■ Work order ■
In the data below, the copy begins at the line containing "Pair of Luciano" and runs through the last line; repeat those lines exactly, minus the pictures.

■ Input data ■
◇ ◇ ◇

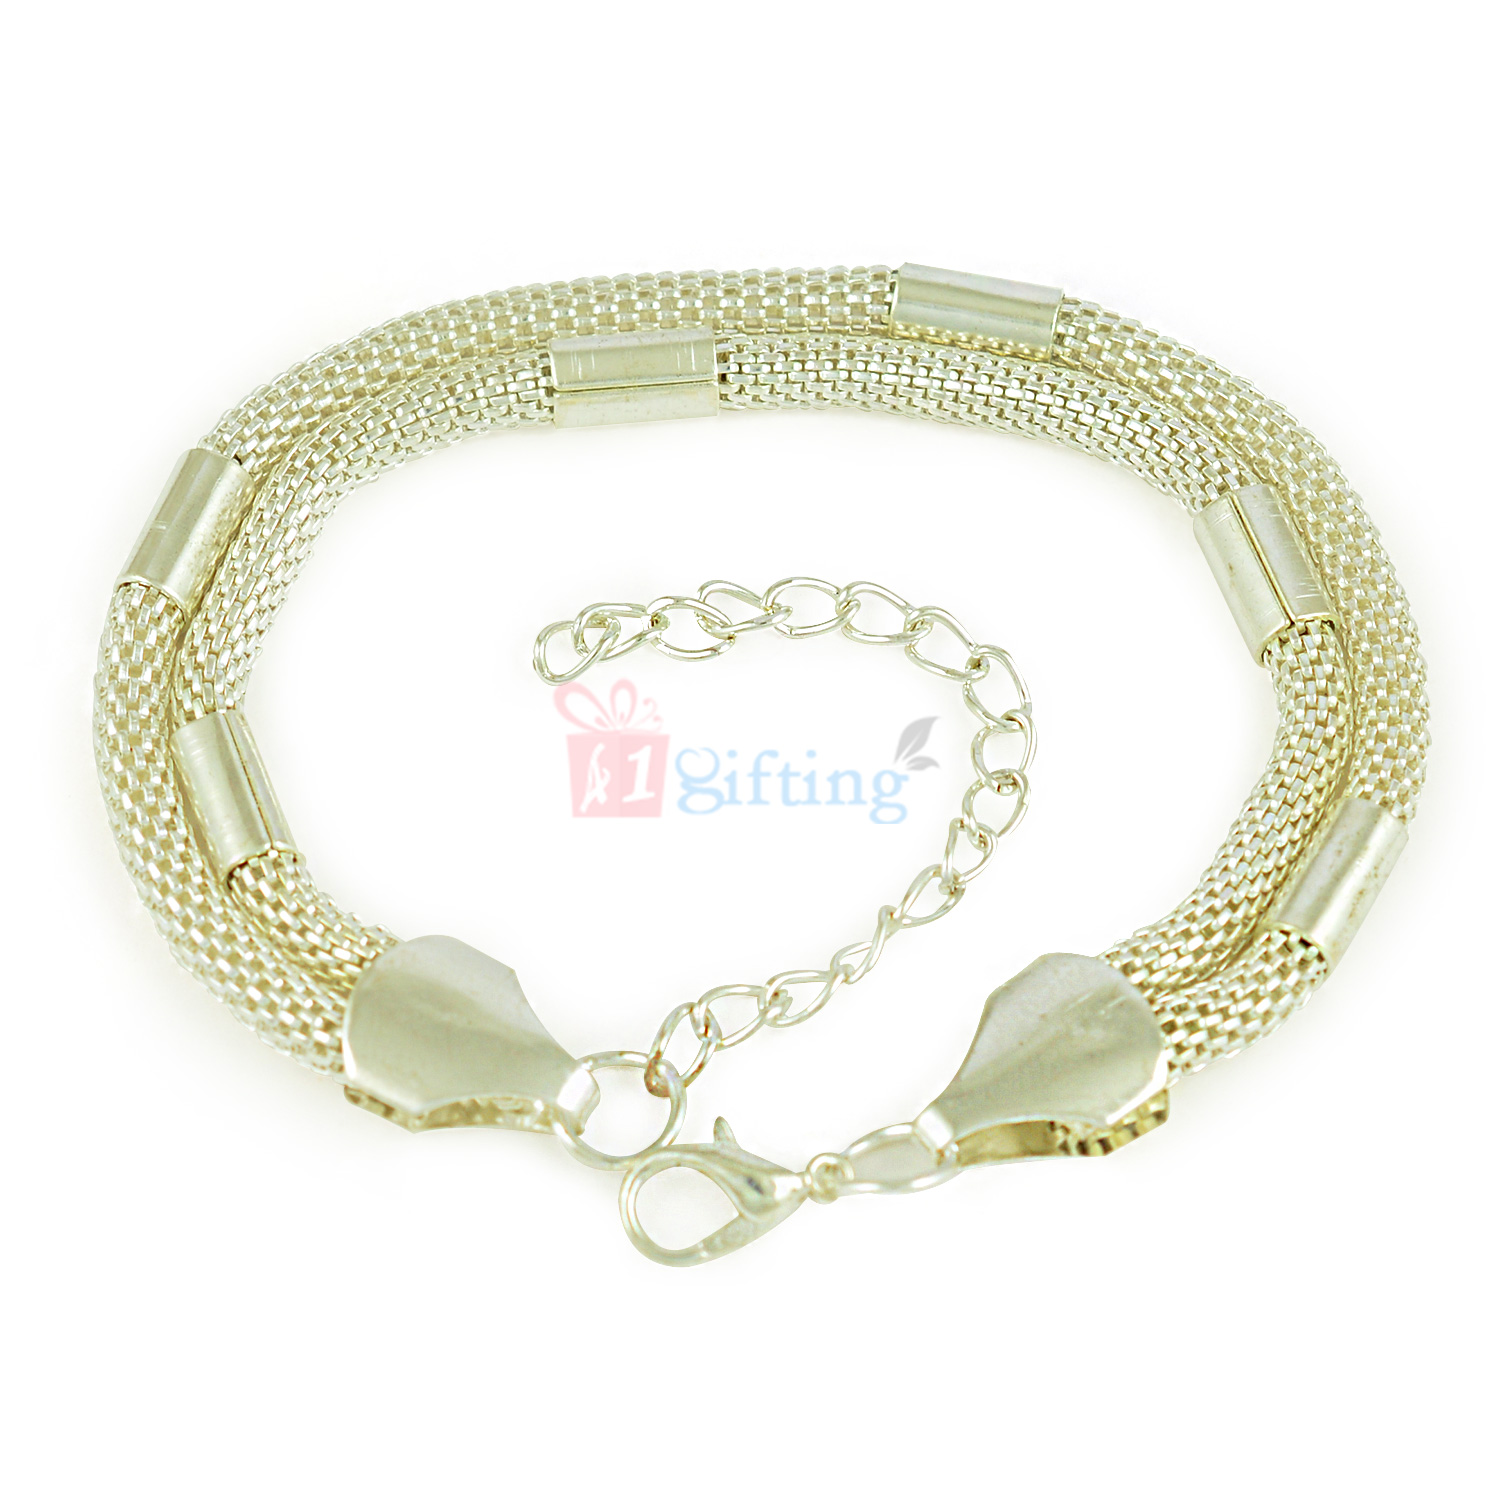 Latticed Double Piped Roll Silver Bracelet
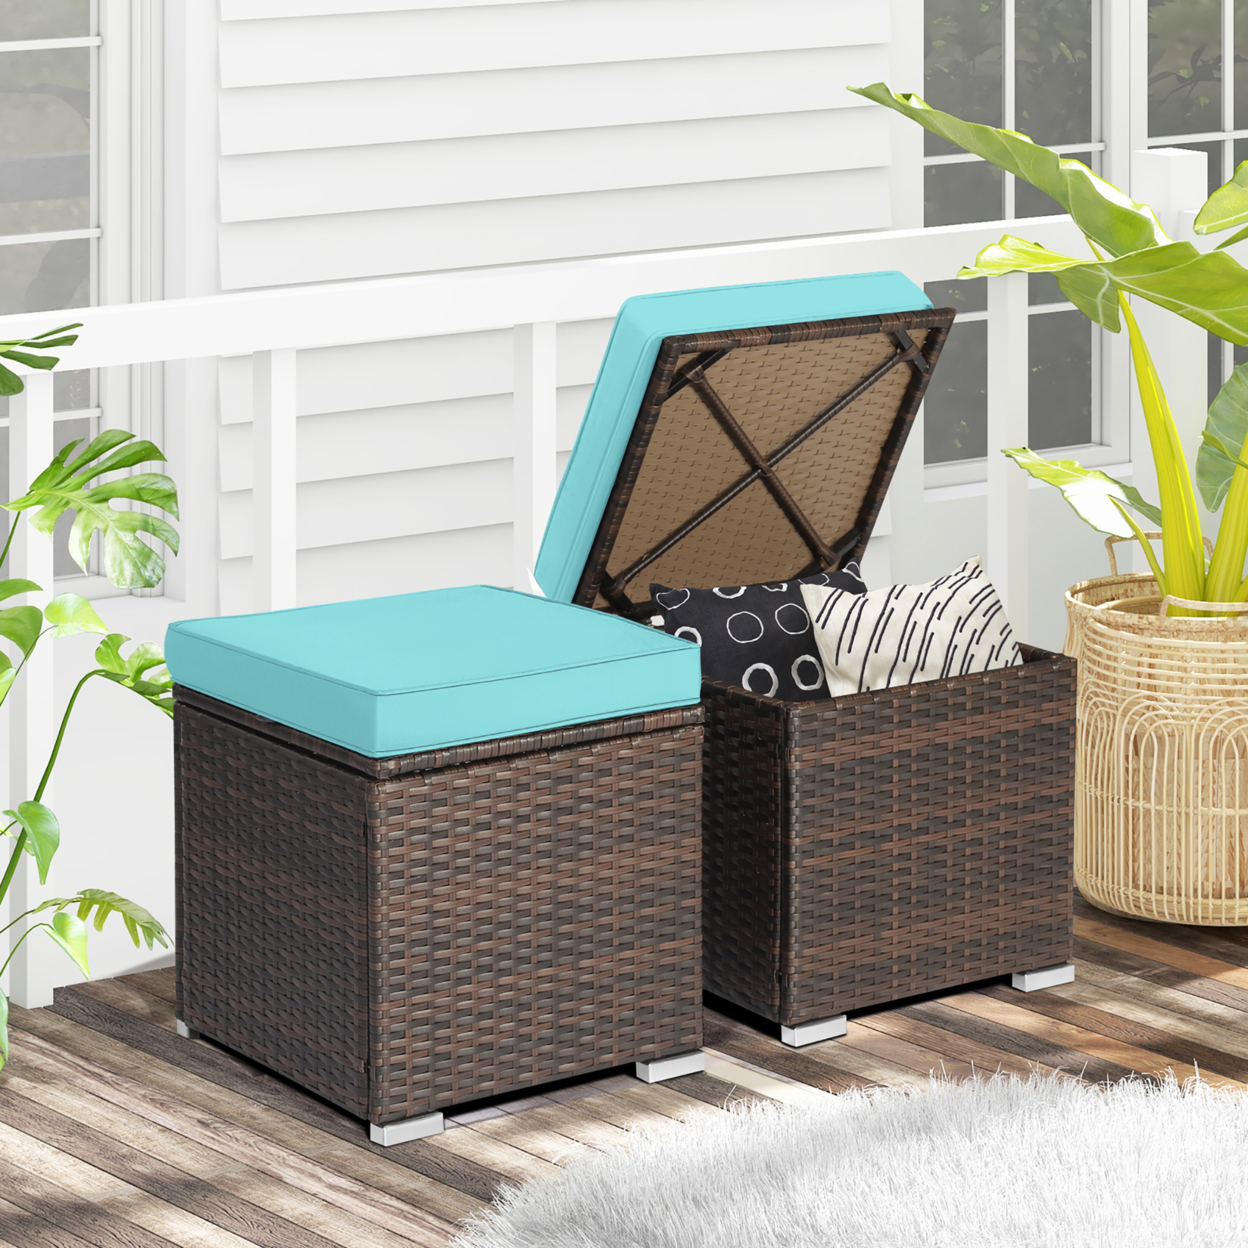 2PCS Outdoor Patio Ottomans Hand-Woven PE Wicker Footstools W/ Removable Cushions - Turquoise
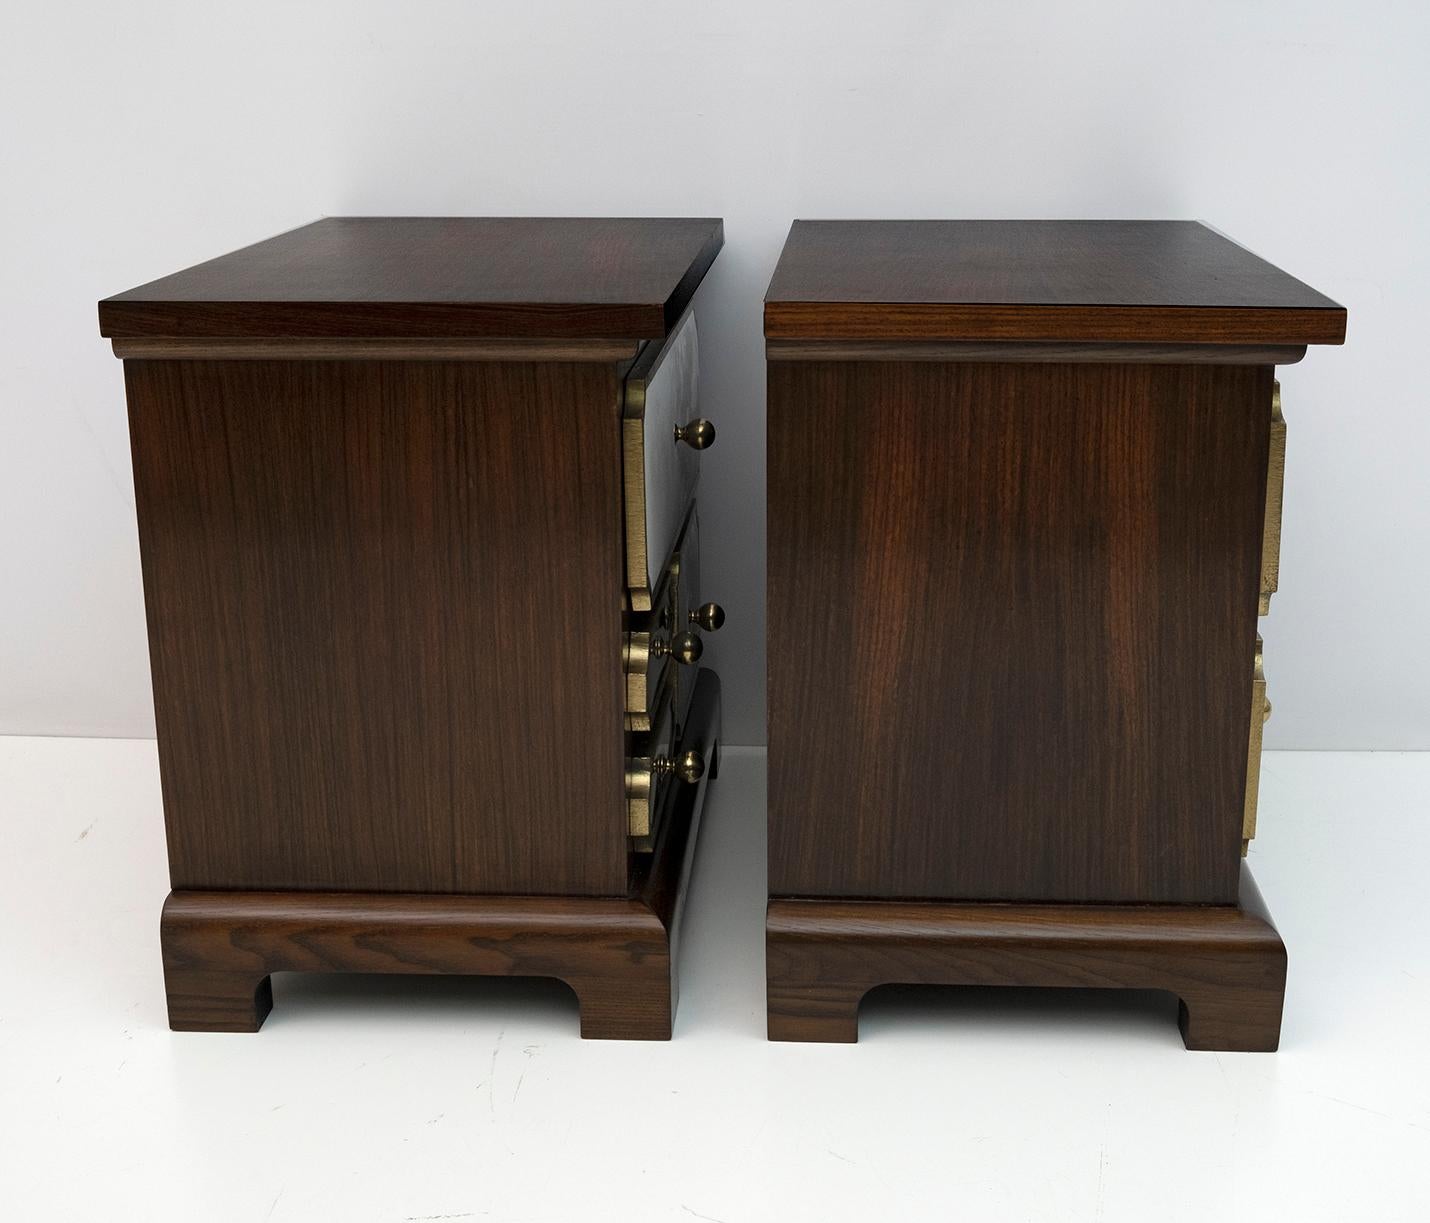 Pair of Luciano Frigerio Mid-Century Modern Italian Bedside Tables, 1960s For Sale 2
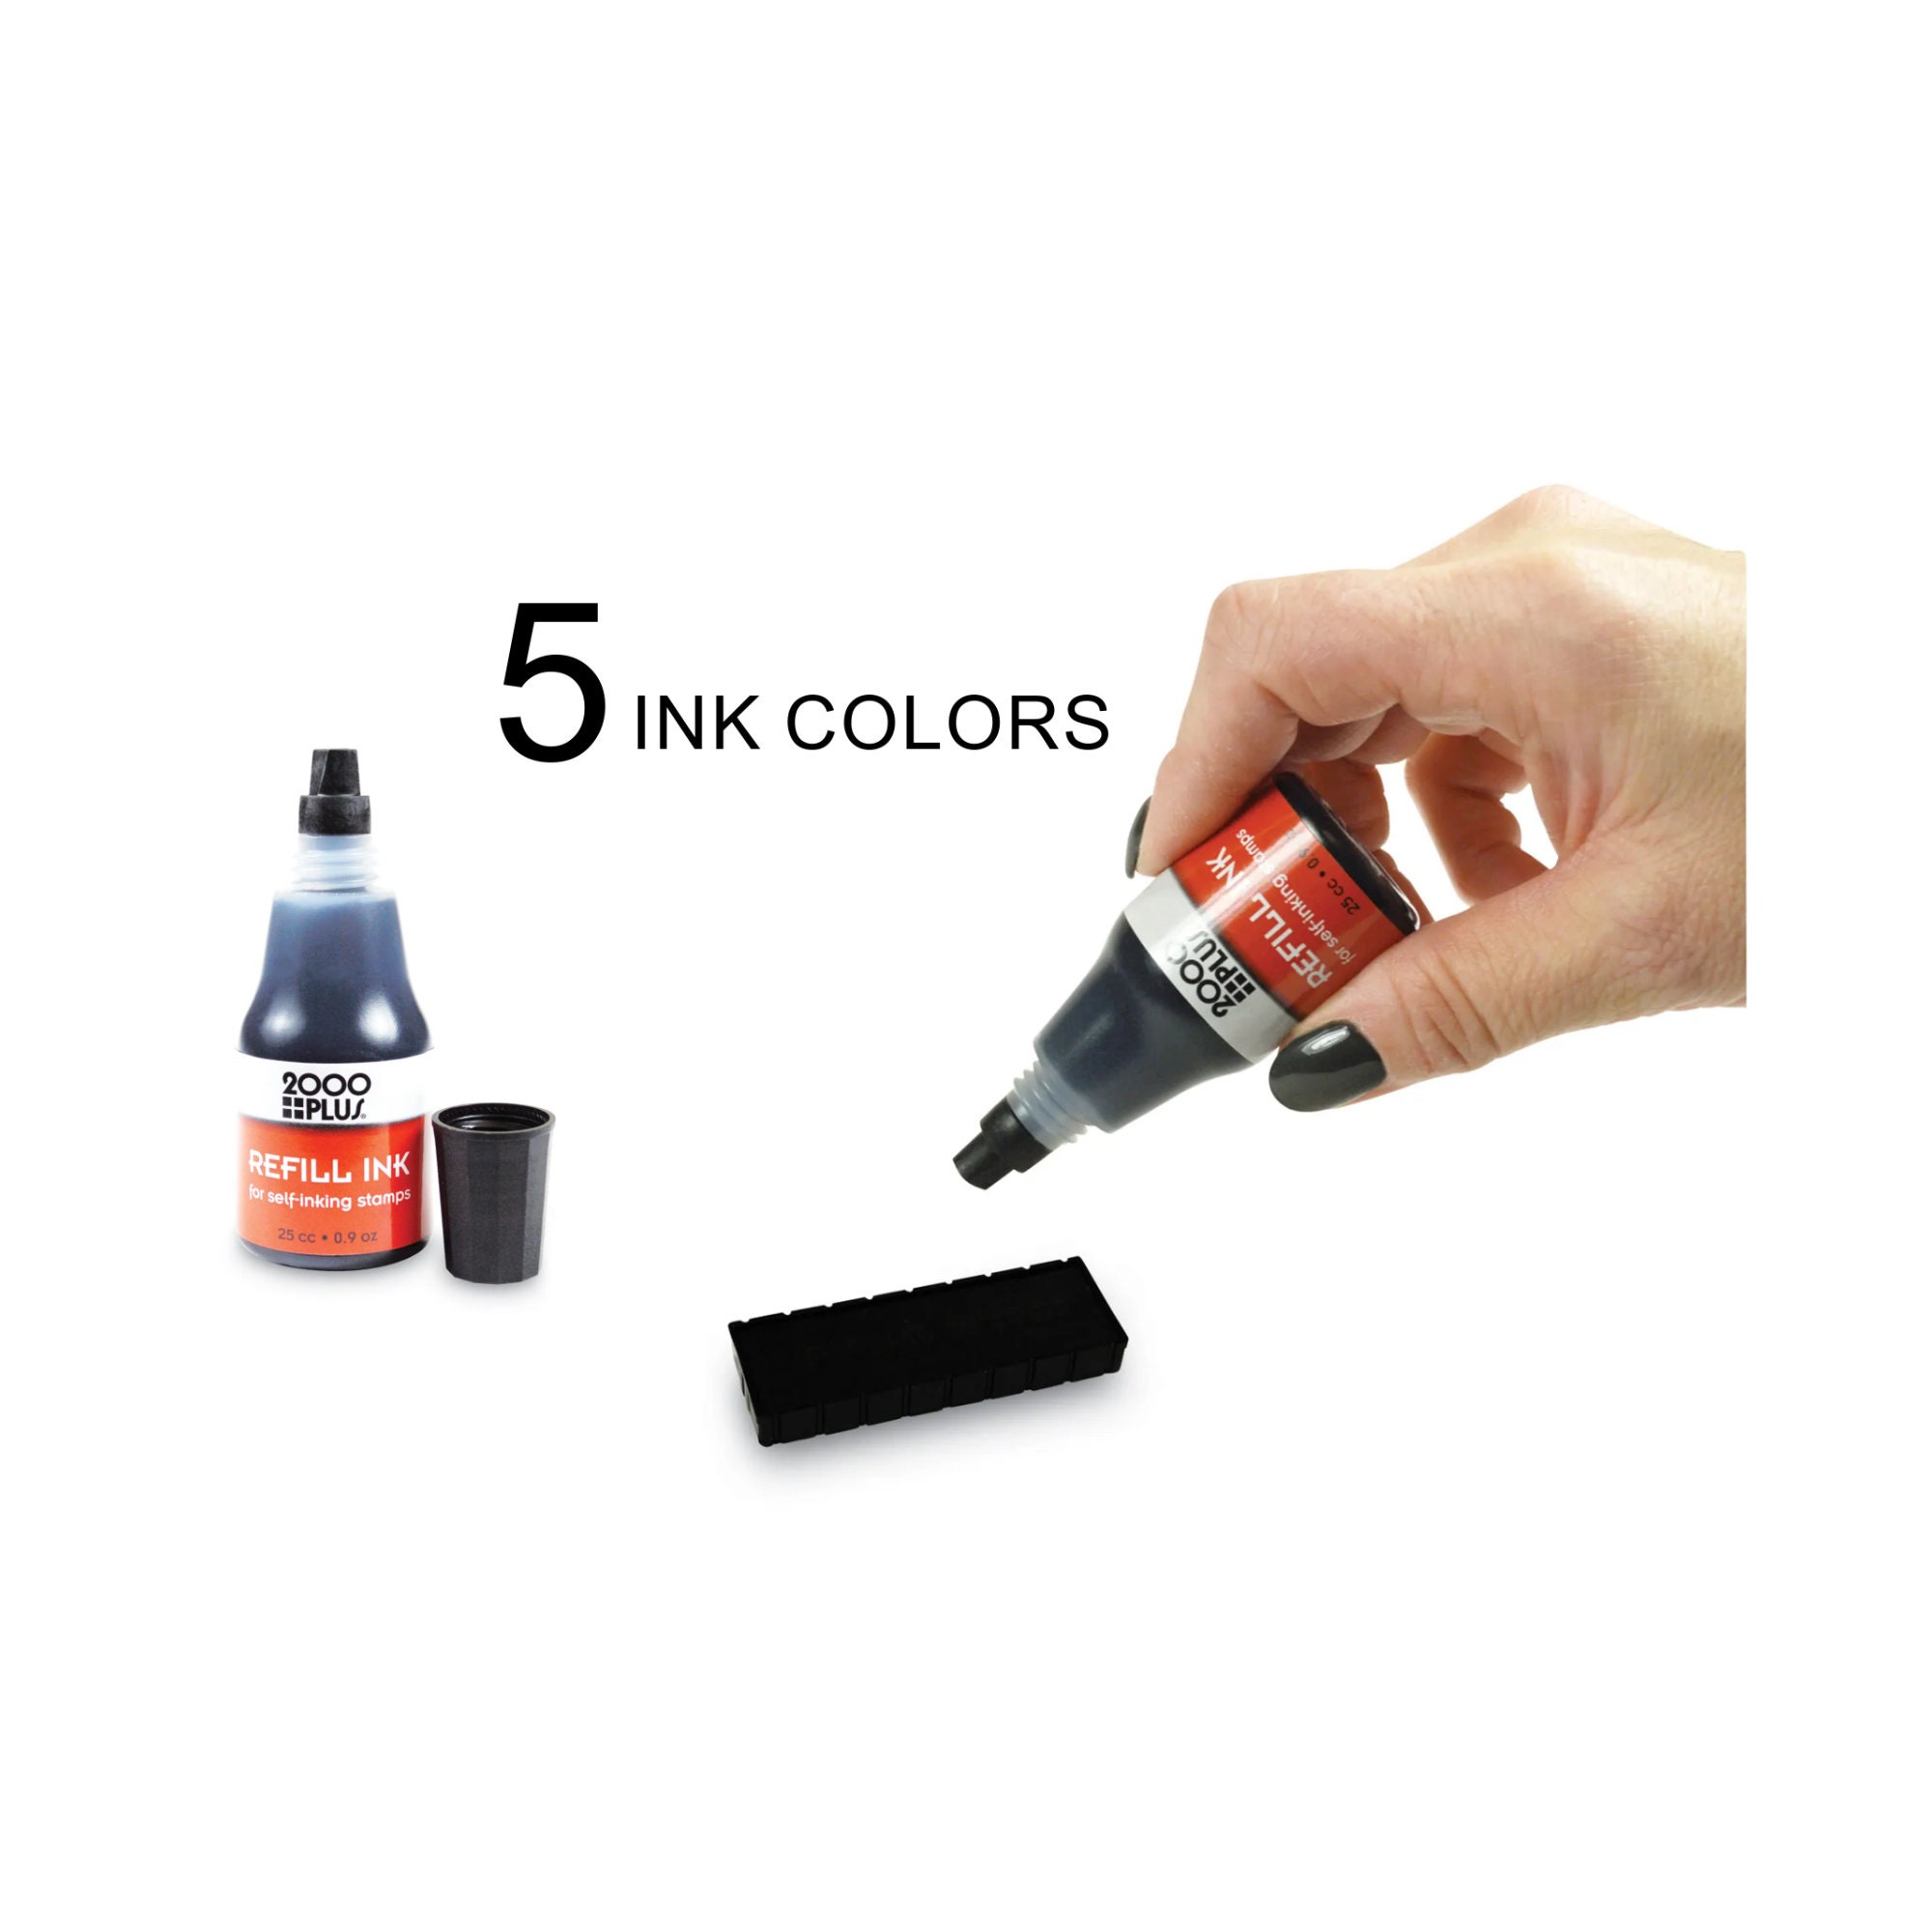 Fabric Ink Refill for Black Self-inking Stamp, .25 Oz Bottle of

◇ ◇ ◇

■ Exercise solution ■
 Pair of Luciano Frigerio Mid-Century Modern Italian Bedside Tables, 1960s For Sale 2
 Fabric Ink Refill for Black Self-inking Stamp, .25 Oz Bottle of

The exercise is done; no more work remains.